AMC Theatres plans to close more locations as it continues to grapple with a sluggish post-pandemic box office, company executives warned this week.

AMC, the world’s largest movie theater chain, reported that attendance dropped nearly 10% in the final quarter of 2025 compared to the same period the year before, executives reported on the company’s Tuesday earnings call.

The report prompted shares in AMC to drop to a multi-year low of $1.16 on Monday, Deadline reported.

The company has shuttered 213 locations over the past five years. It now has about 850 locations, including over three dozen in California. Executives said they plan to close more locations.

“We will continue to take actions to close theaters, to reduce leases as we go forward,” Chief Financial Officer Sean Goodman said.

Goodman said the leases at around 85 locations are up for renewal this year. Executives will analyze those locations to determine whether it makes the most financial sense to renew them, or walk away and shutter any given location.

But that’s only part of the equation, he said.

While AMC has closed over 200 theaters in recent years, it’s also opened 25 new ones. Goodman said that reflects a desire to focus on the most profitable opportunities.

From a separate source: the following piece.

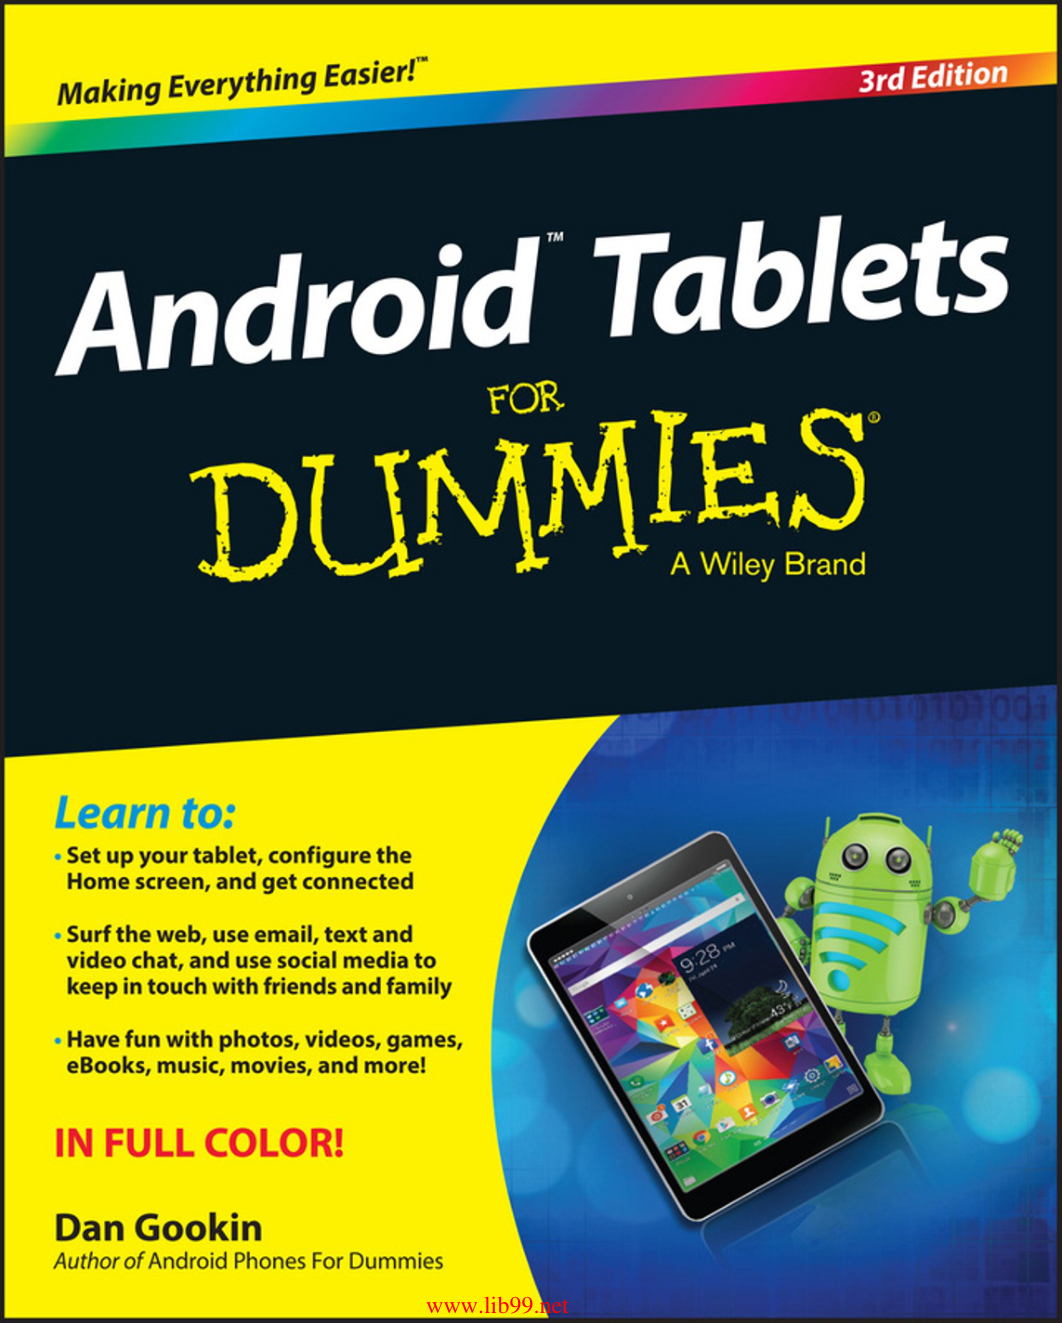 Android Tablets For Dummies, 3rd Edition.png

“You’re going to see the similar sort of pace going forward, we’ll be closing more theaters than we open, but the new ones that we open are generating significantly more profit than the ones that we close,” Goodman said.

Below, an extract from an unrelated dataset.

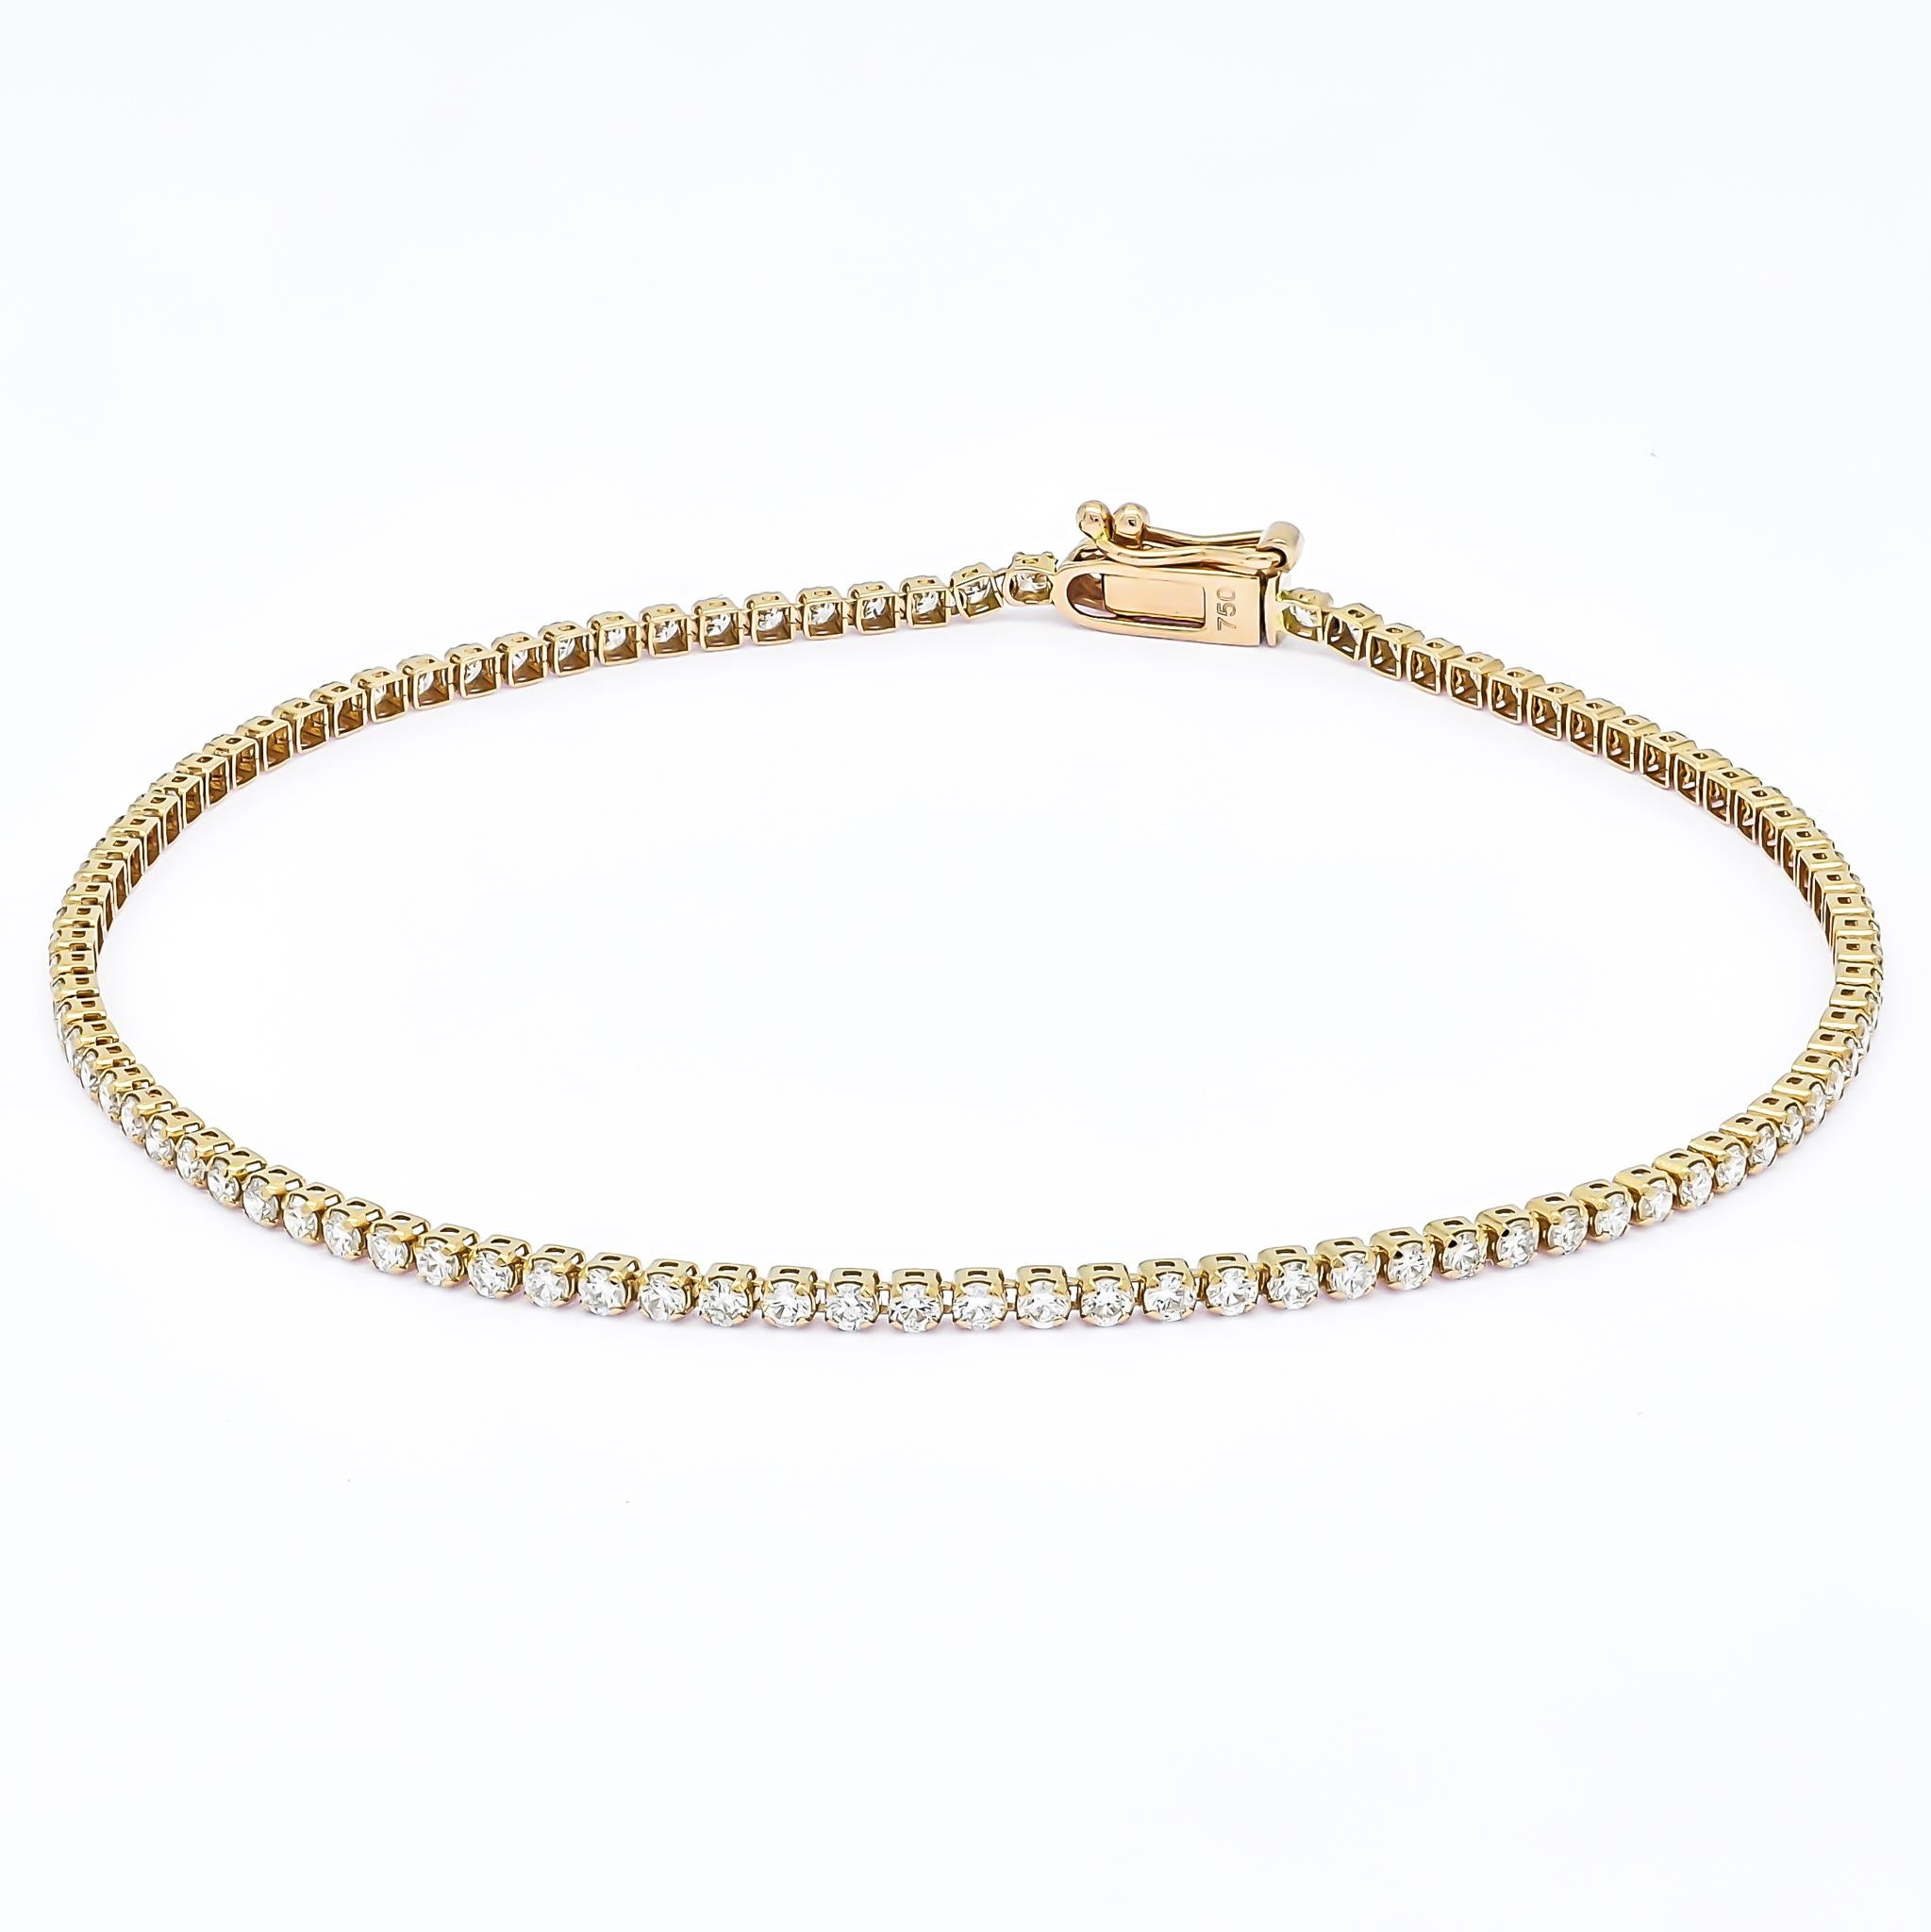 Elevate your style with this luxurious 18Kt yellow gold single-row tennis bracelet. Expertly crafted with four prong setting, it features sparkling, brilliant-cut natural diamonds that exude elegance and luxury. The single-row design adds a touch of

CEO Adam Aron pointed to AMC’s location at The Grove in Los Angeles as an example.

That theater was previously operated by the financially-strained Pacific Theatres. That company did not reopen the location after the pandemic; AMC stepped in and bought it and reopened it in 2021.

“That theater used to be No. 28 in the county in terms of annual box office receipts — now with adding the AMC secret sauce, that theater is now No. 5 in the country,” he said.

AMC has not revealed which locations it plans to close.